• _Task prompt_
Output the data below exactly, without images.

• _Dataset content_
☆ ☆ ☆ ☆

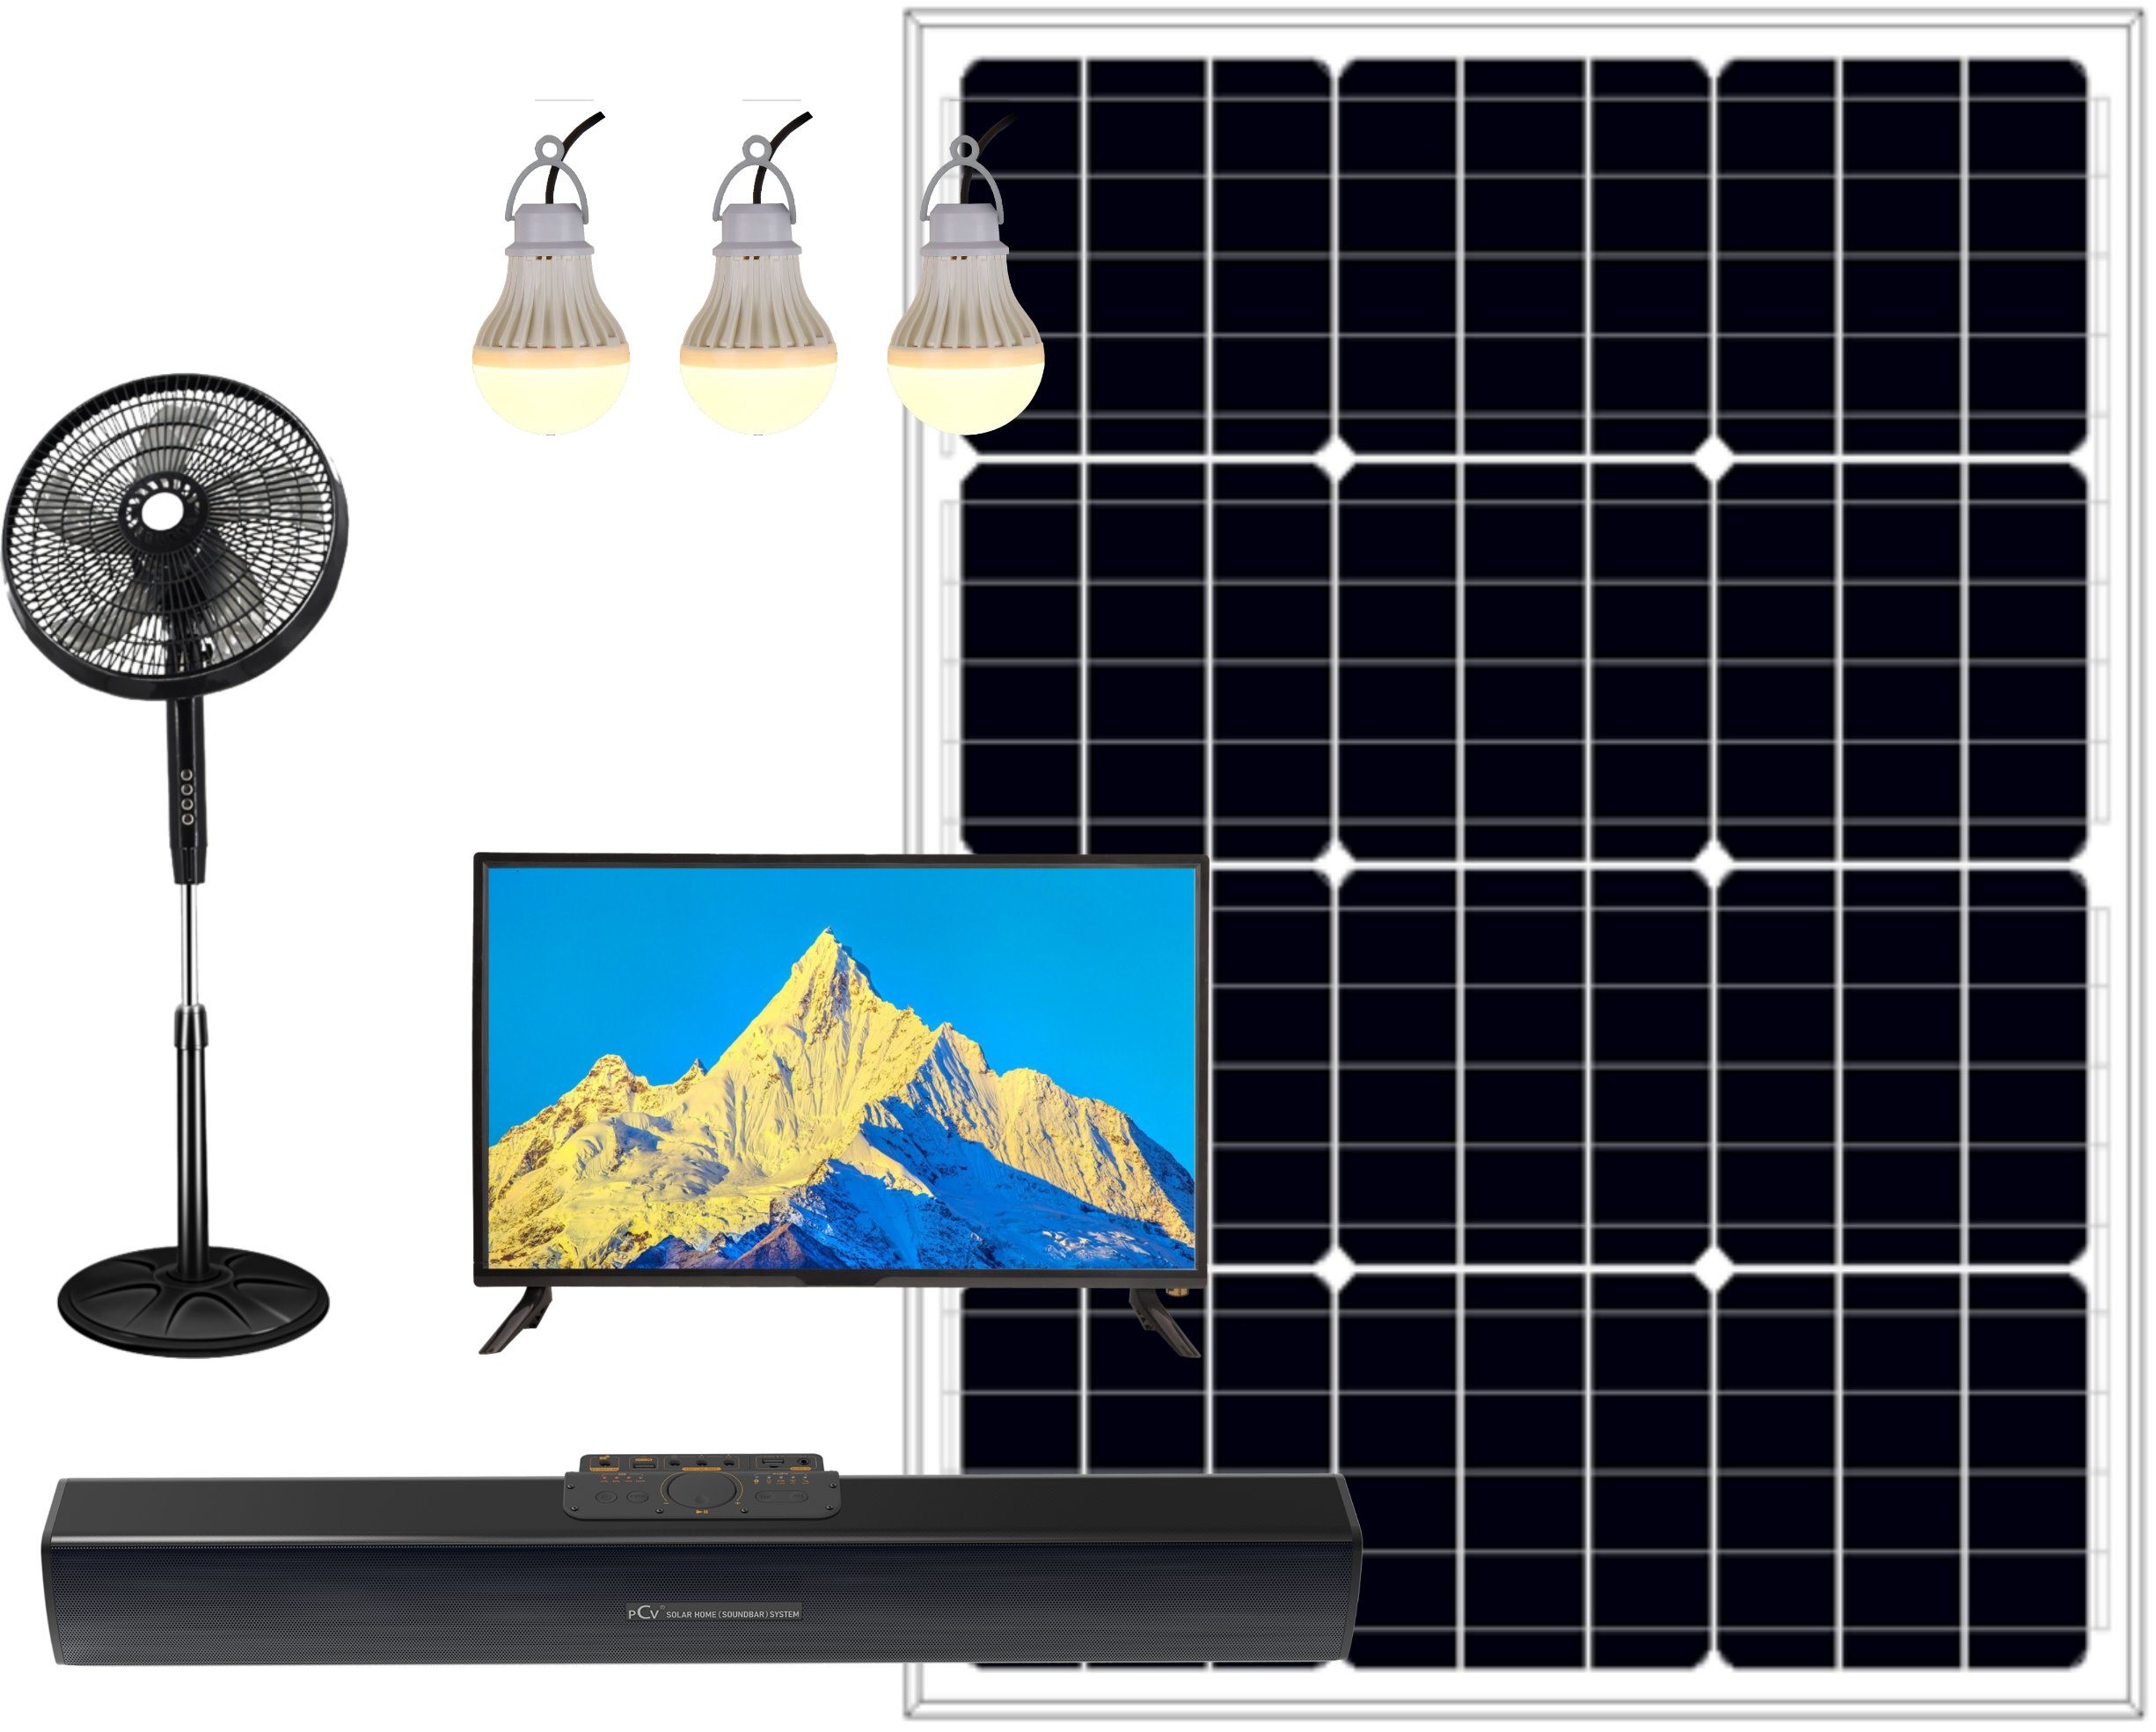 Rechargeable by Solar and AC Soundbar 22inch TV Fan Bulbs 25W Solar Panel for Solar Home System
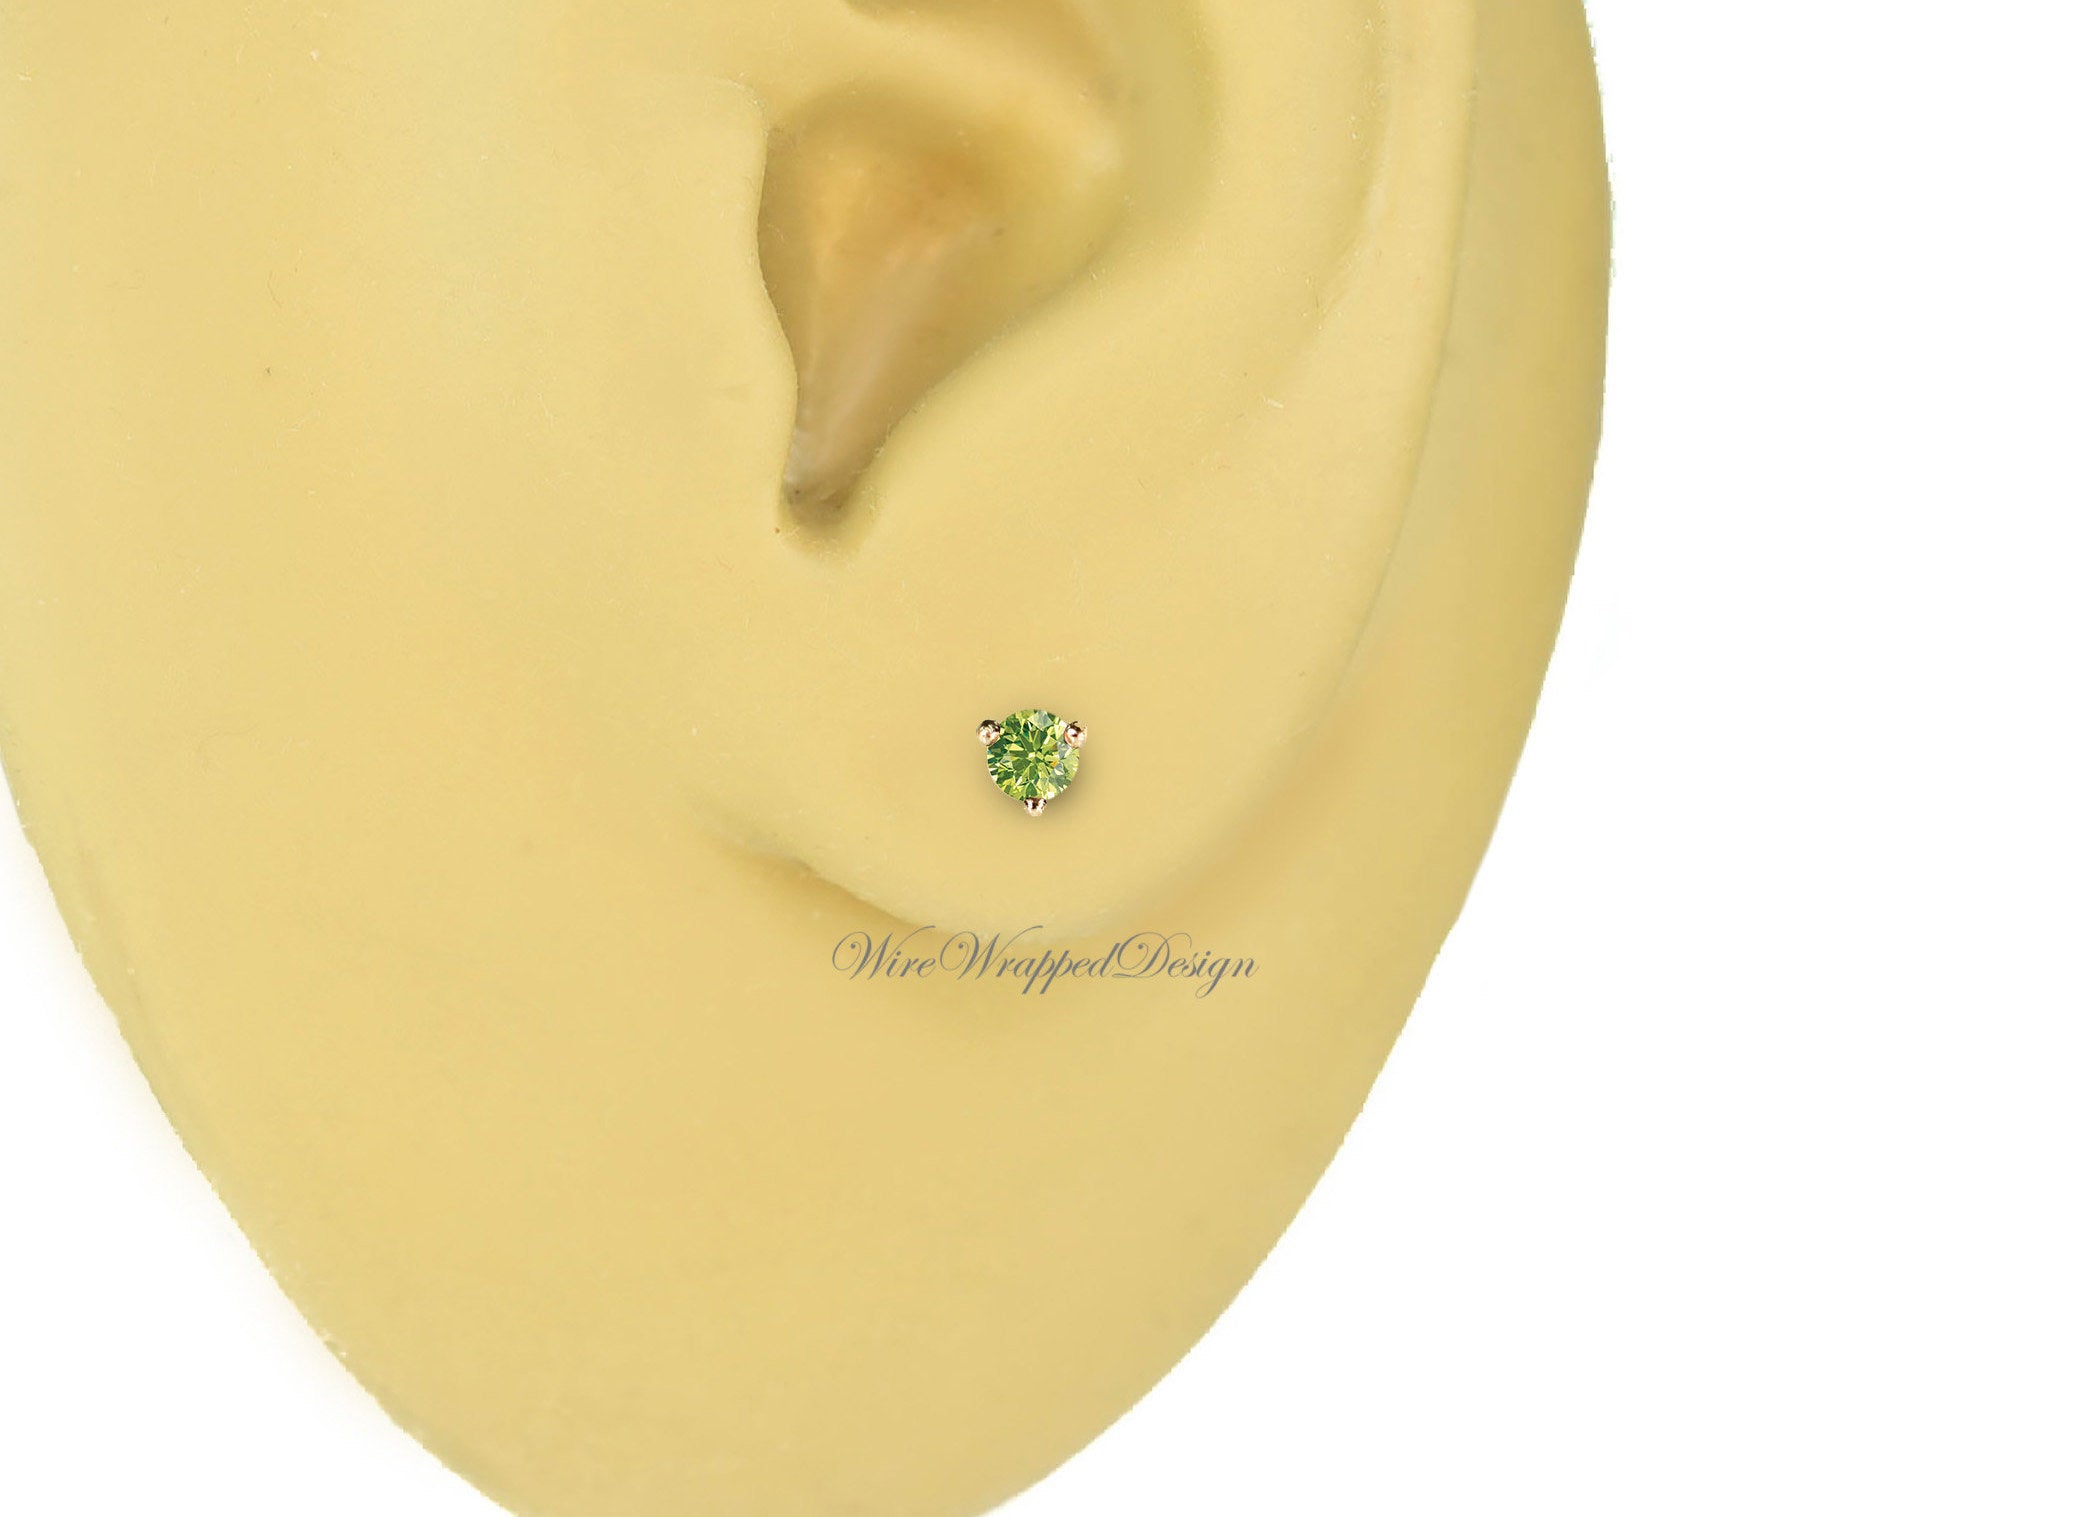 PAIR Genuine GREEN DIAMOND Earrings Studs 2.5mm 0.12tcw Martini 14k Solid Gold (Yellow, Rose, White) Platinum, Silver Cartilage Helix Tragus
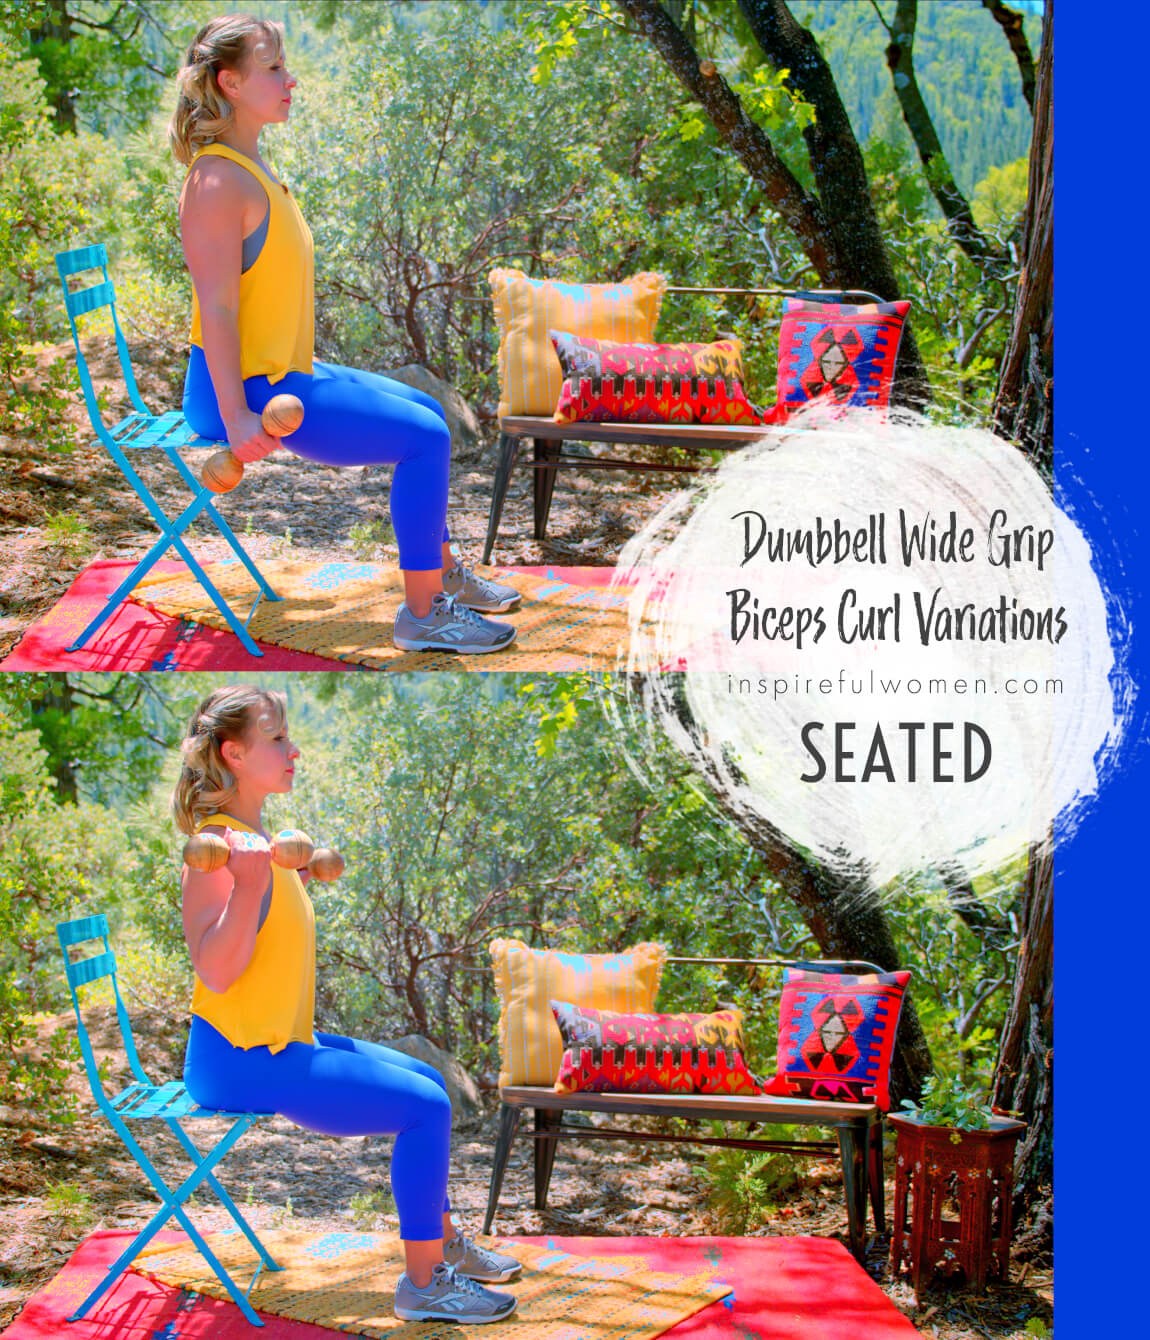 seated-side-wide-grip-bicep-curl-dumbbell-short-head-exercise-variation

☆ ☆ ☆ ☆

• _Reply to the exercise_
 Rechargeable by Solar and AC Soundbar 22inch TV Fan Bulbs 25W Solar Panel for Solar Home System
 PAIR Genuine GREEN DIAMOND Earrings Studs 2.5mm 0.12tcw Martini 14k Solid Gold (Yellow, Rose, White) Platinum, Silver Cartilage Helix Tragus
 seated-side-wide-grip-bicep-curl-dumbbell-short-head-exercise-variation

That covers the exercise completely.